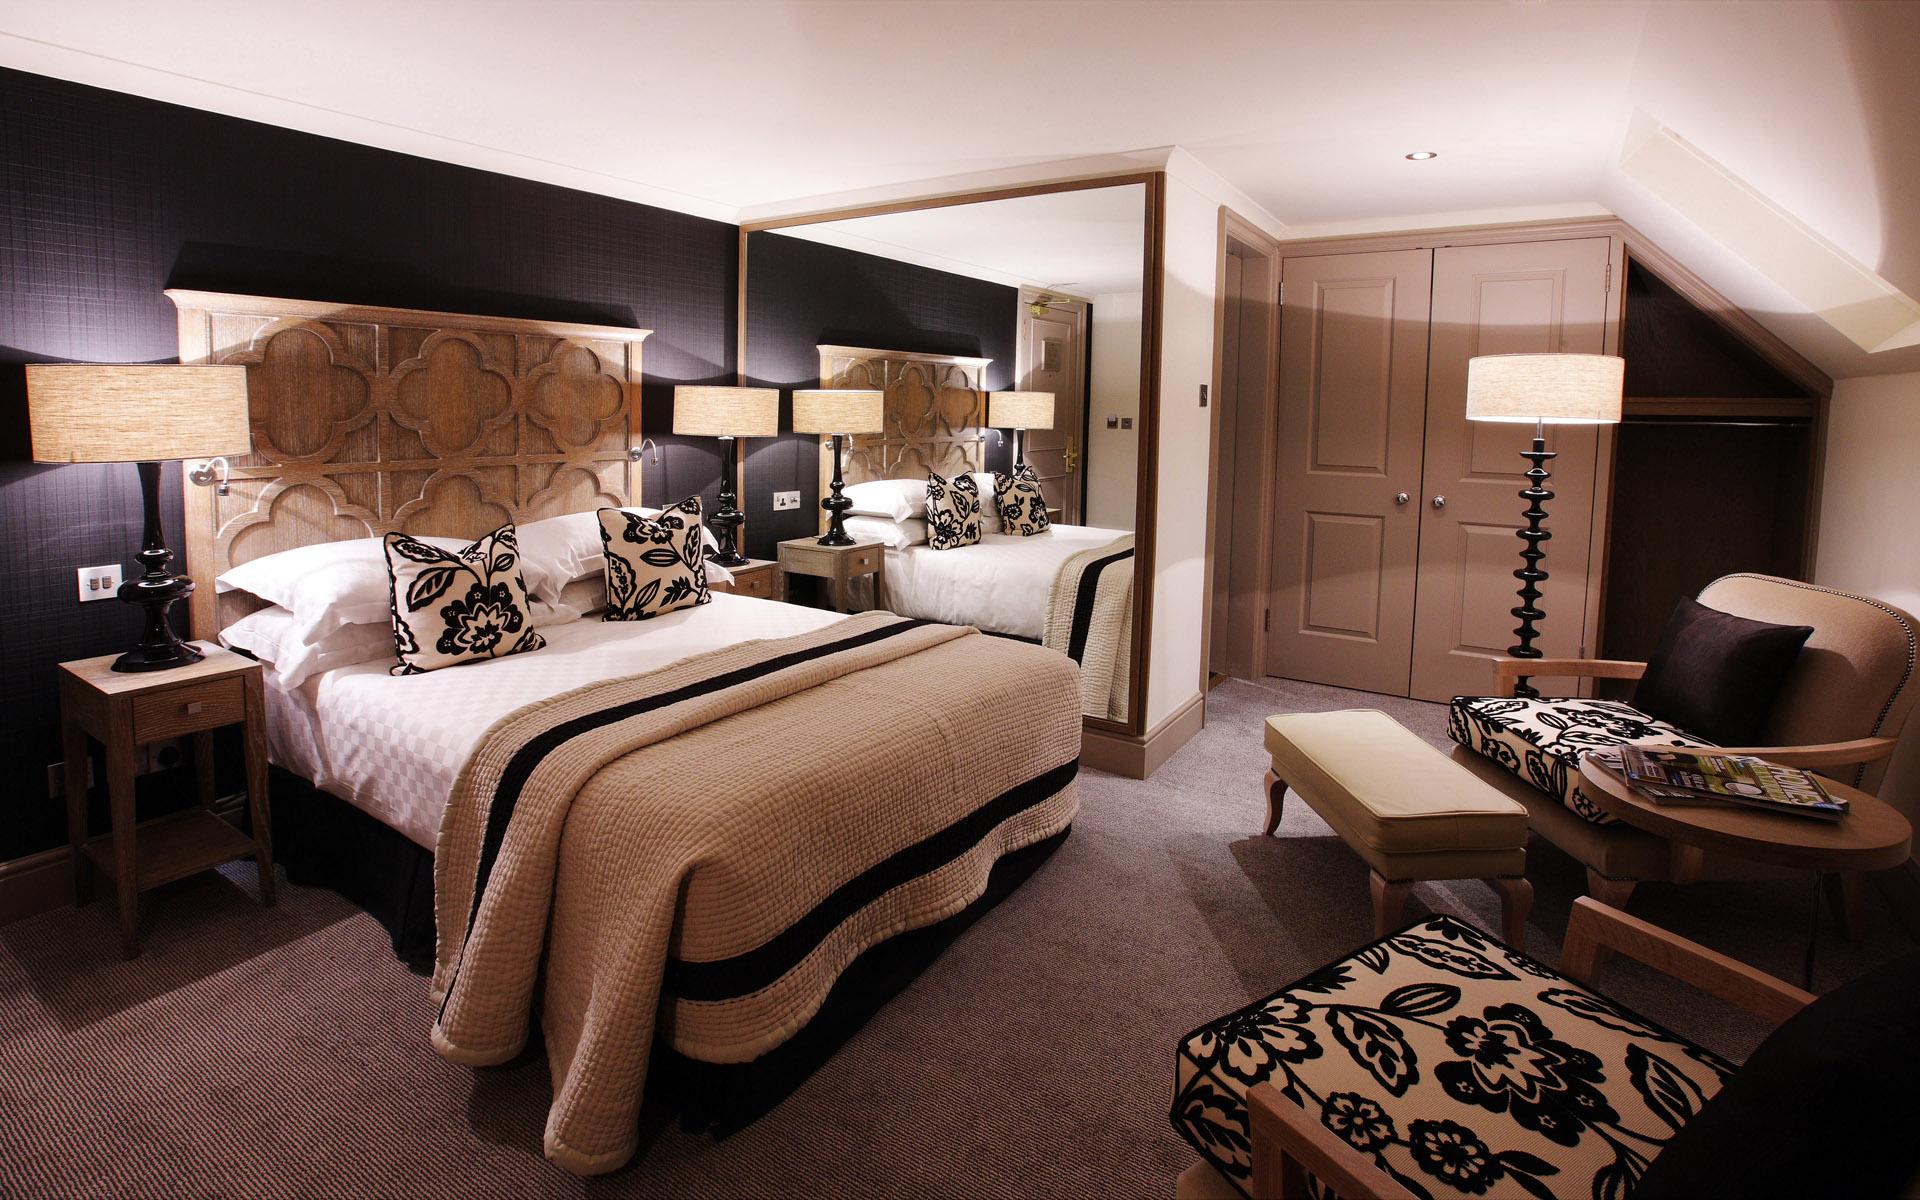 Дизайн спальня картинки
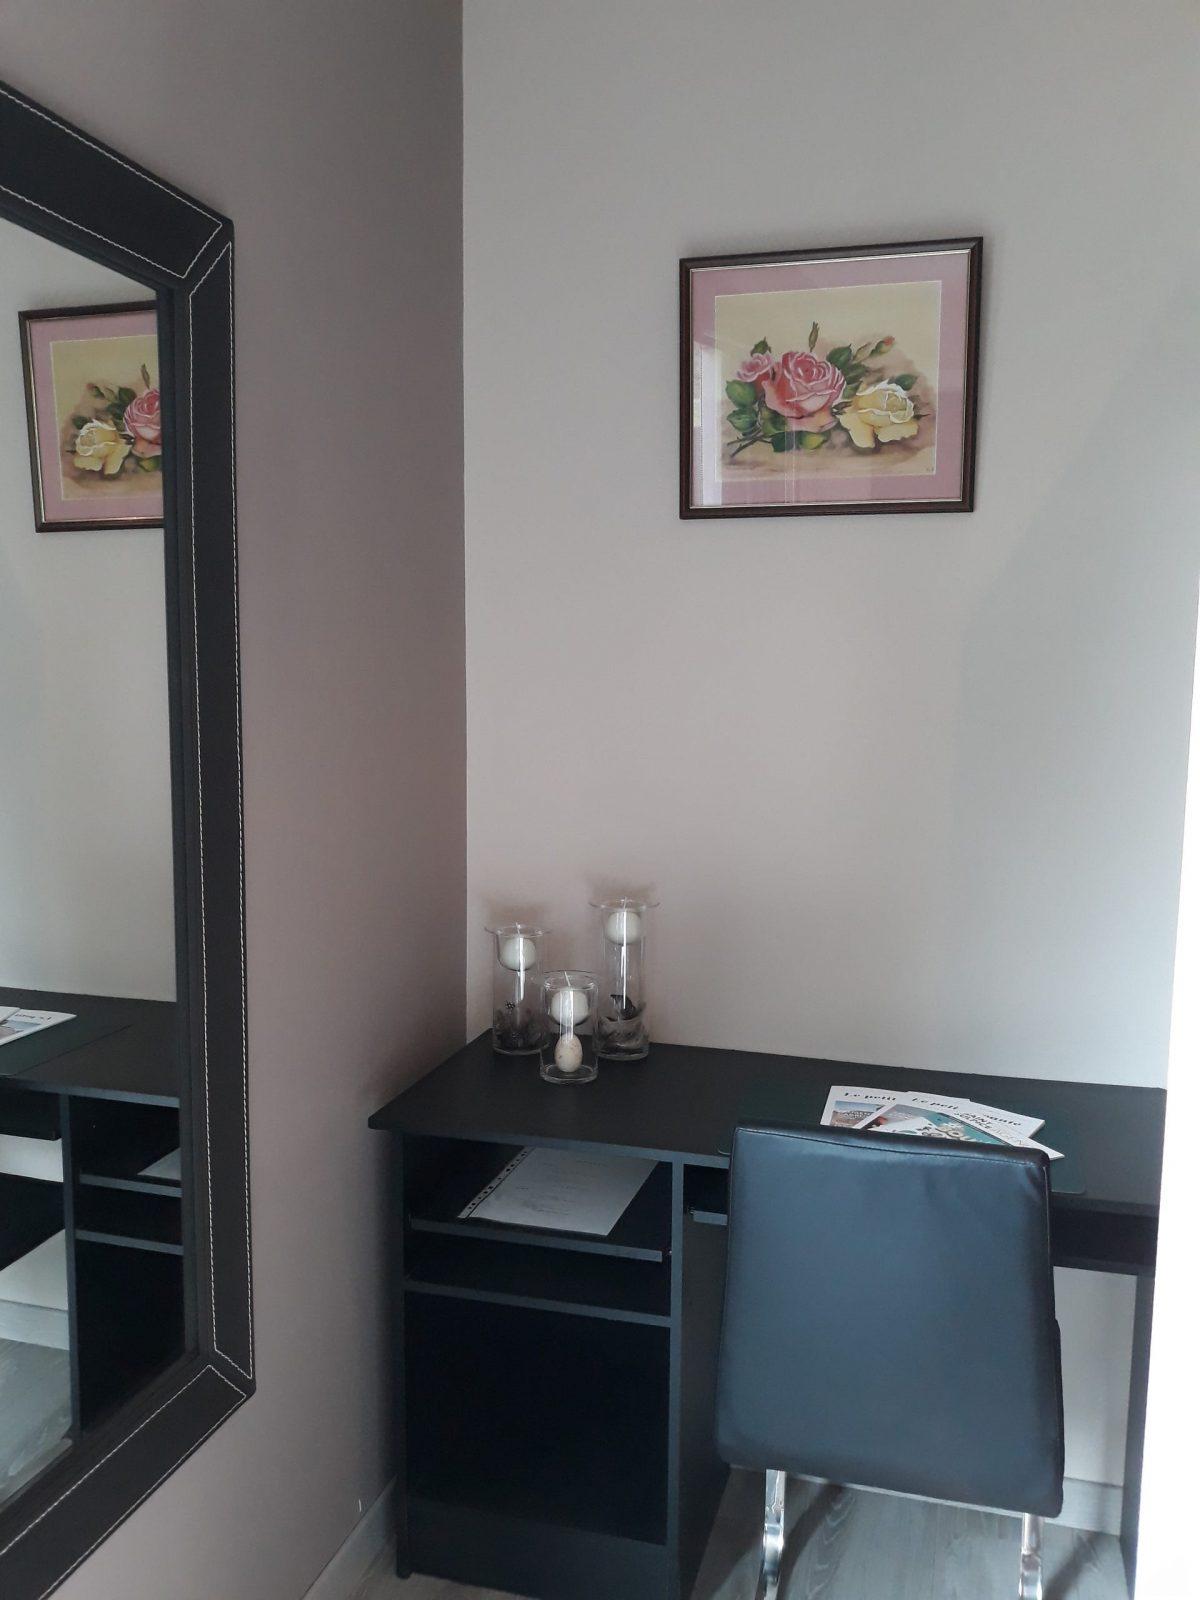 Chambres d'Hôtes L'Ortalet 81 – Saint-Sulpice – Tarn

----------

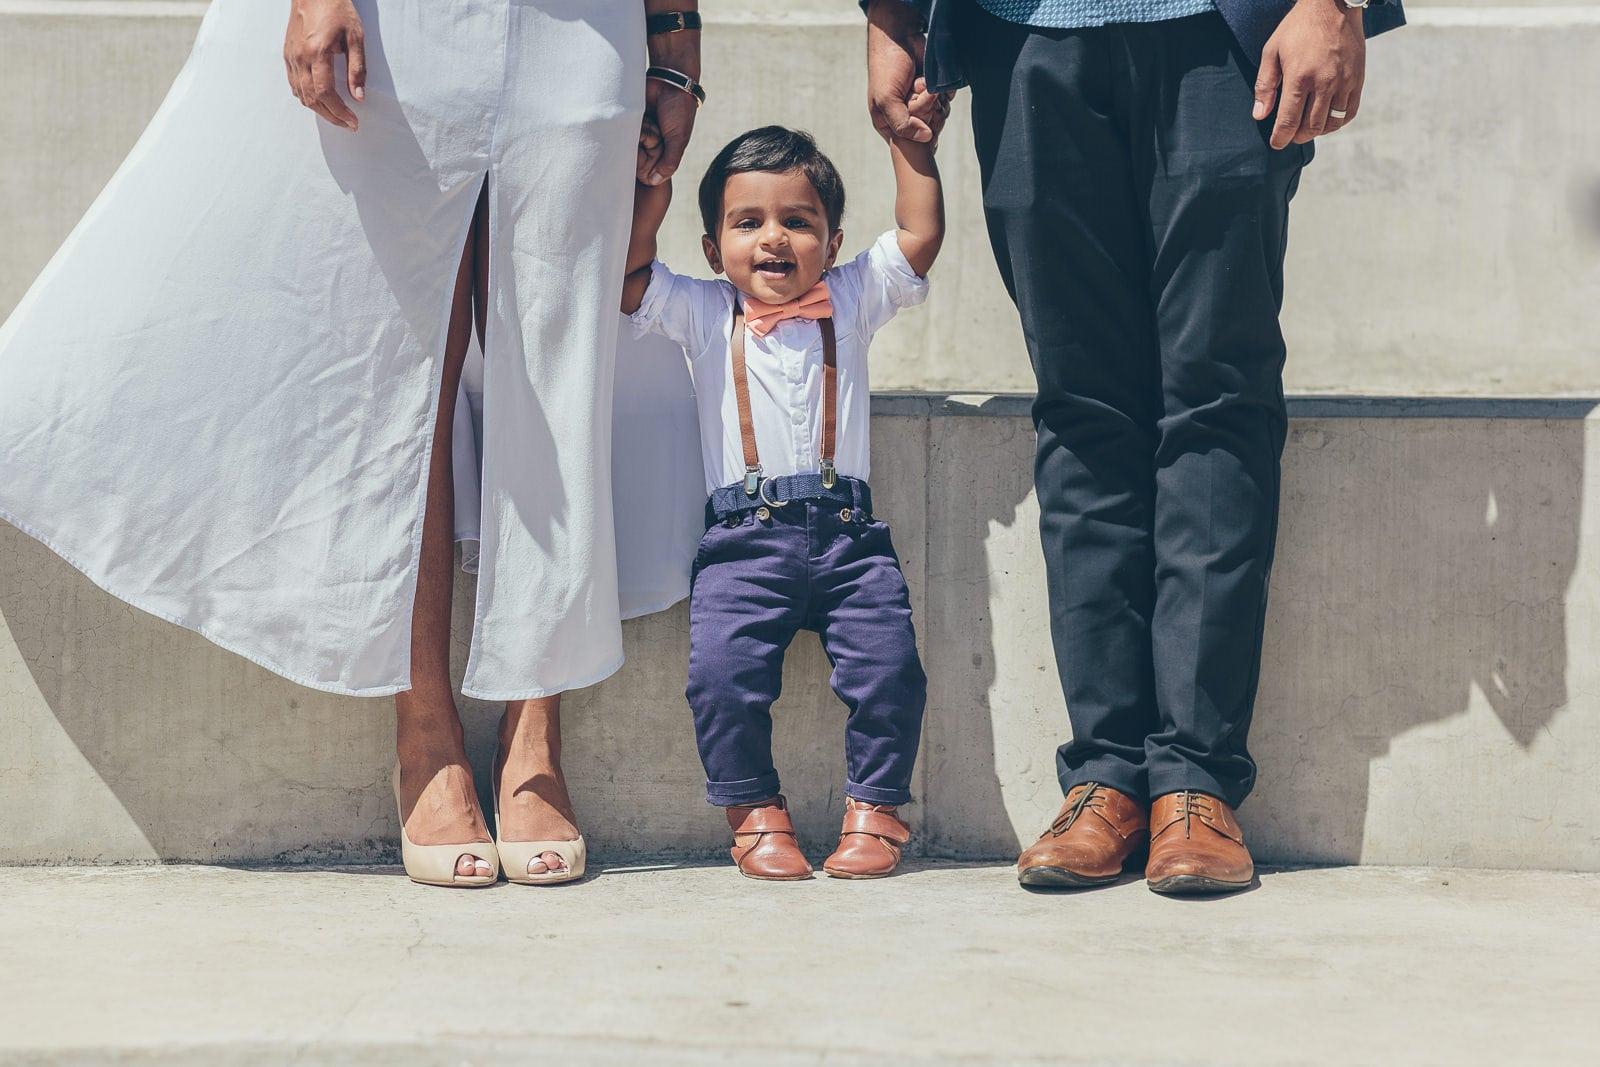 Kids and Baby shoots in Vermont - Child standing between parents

----------

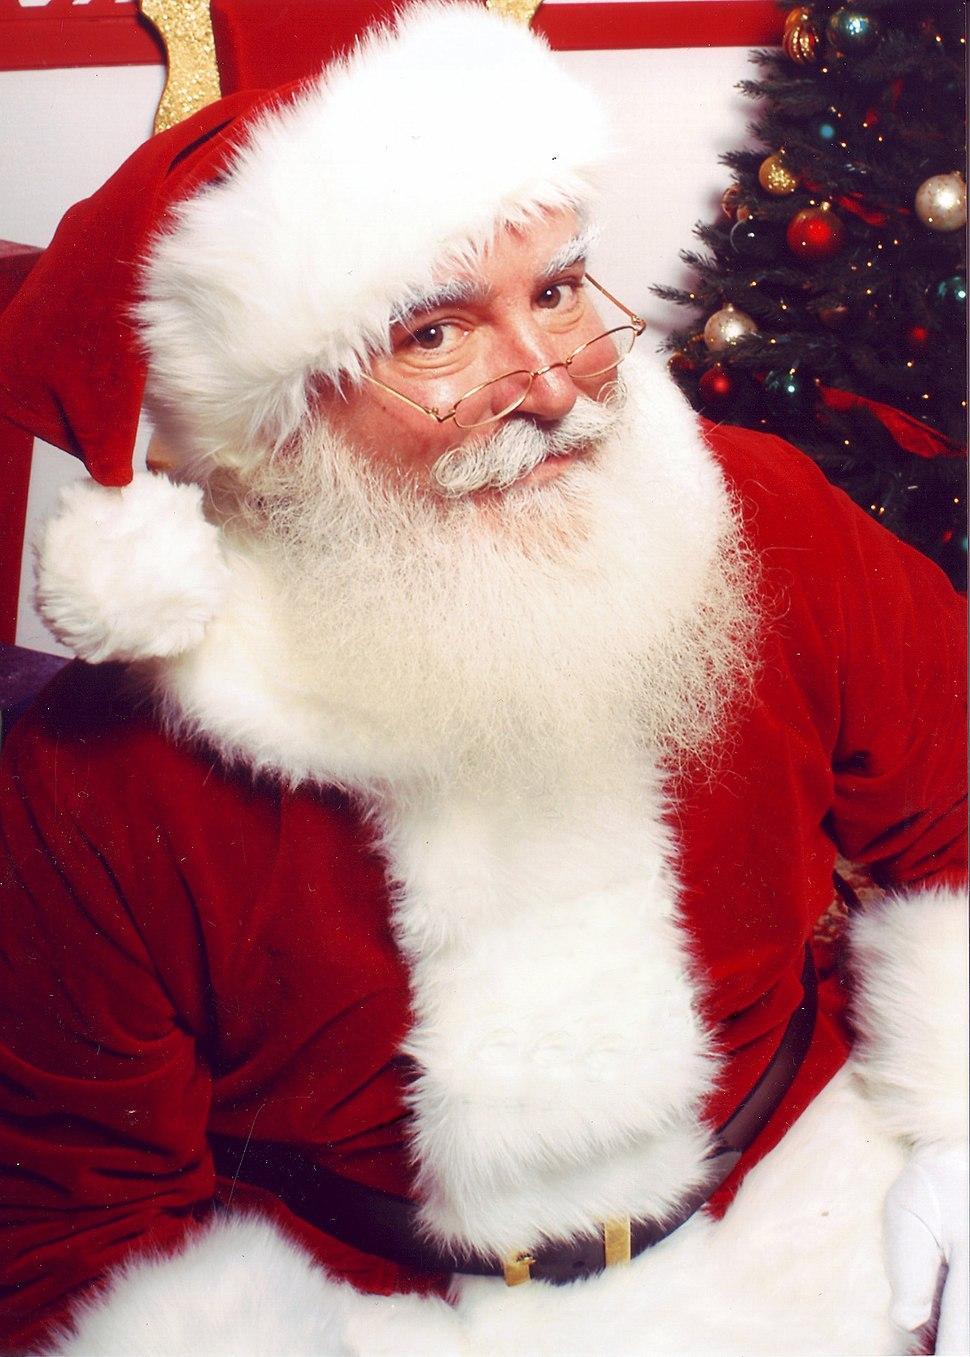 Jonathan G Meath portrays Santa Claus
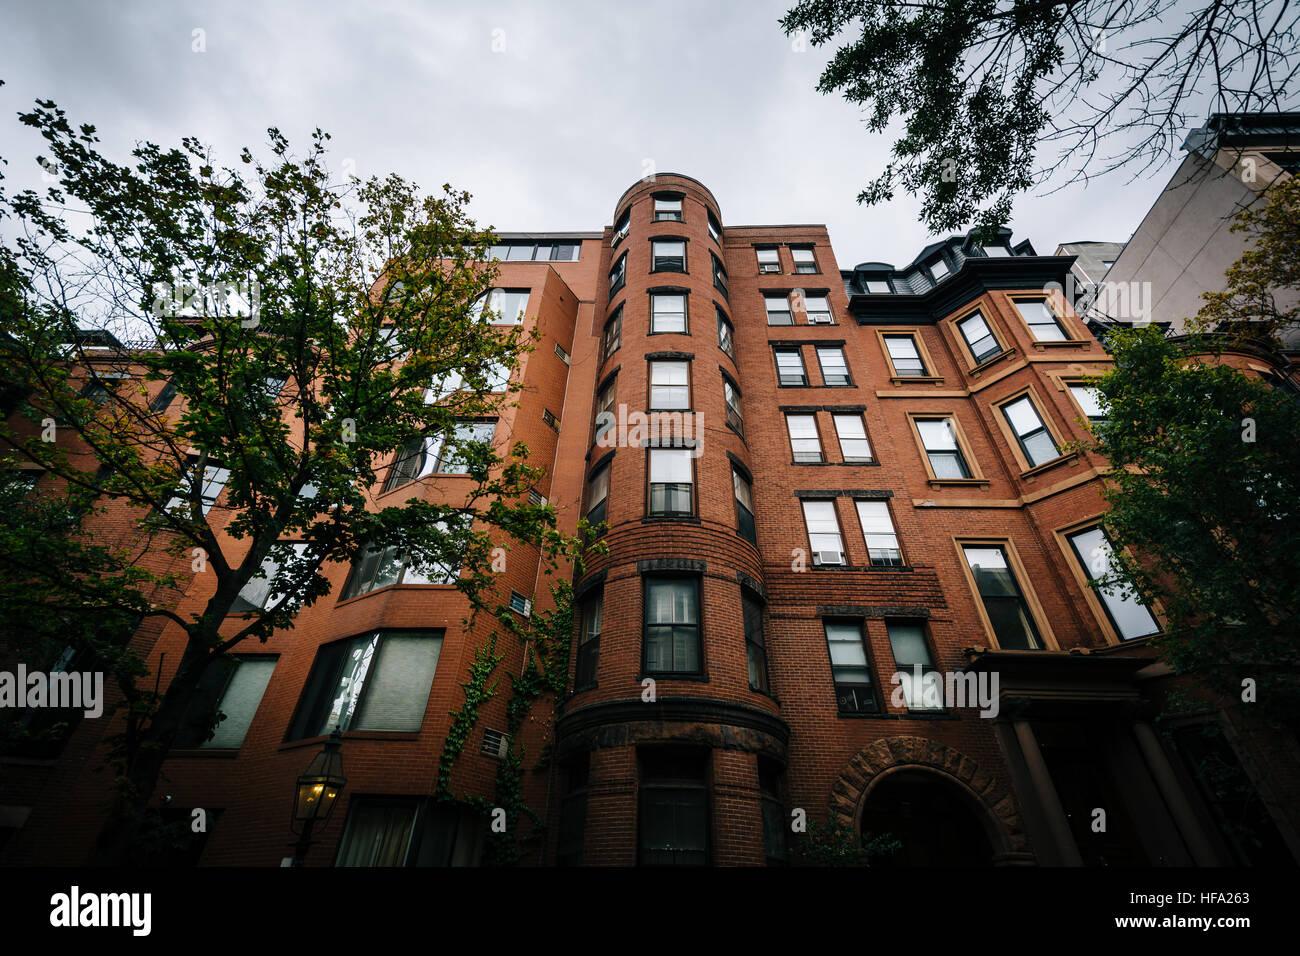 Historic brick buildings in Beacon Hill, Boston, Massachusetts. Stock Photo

----------

→ Problem to solve
From the records above, give again only the part that opens with the line containing "Дизайн спальня картинки" and closes with the line containing "Chambres d'Hôtes L'Ortalet". Keep both ends but drop the pictures.

→ Exercise solution
 Дизайн спальня картинки
 Chambres d'Hôtes L'Ortalet 81 – Saint-Sulpice – Tarn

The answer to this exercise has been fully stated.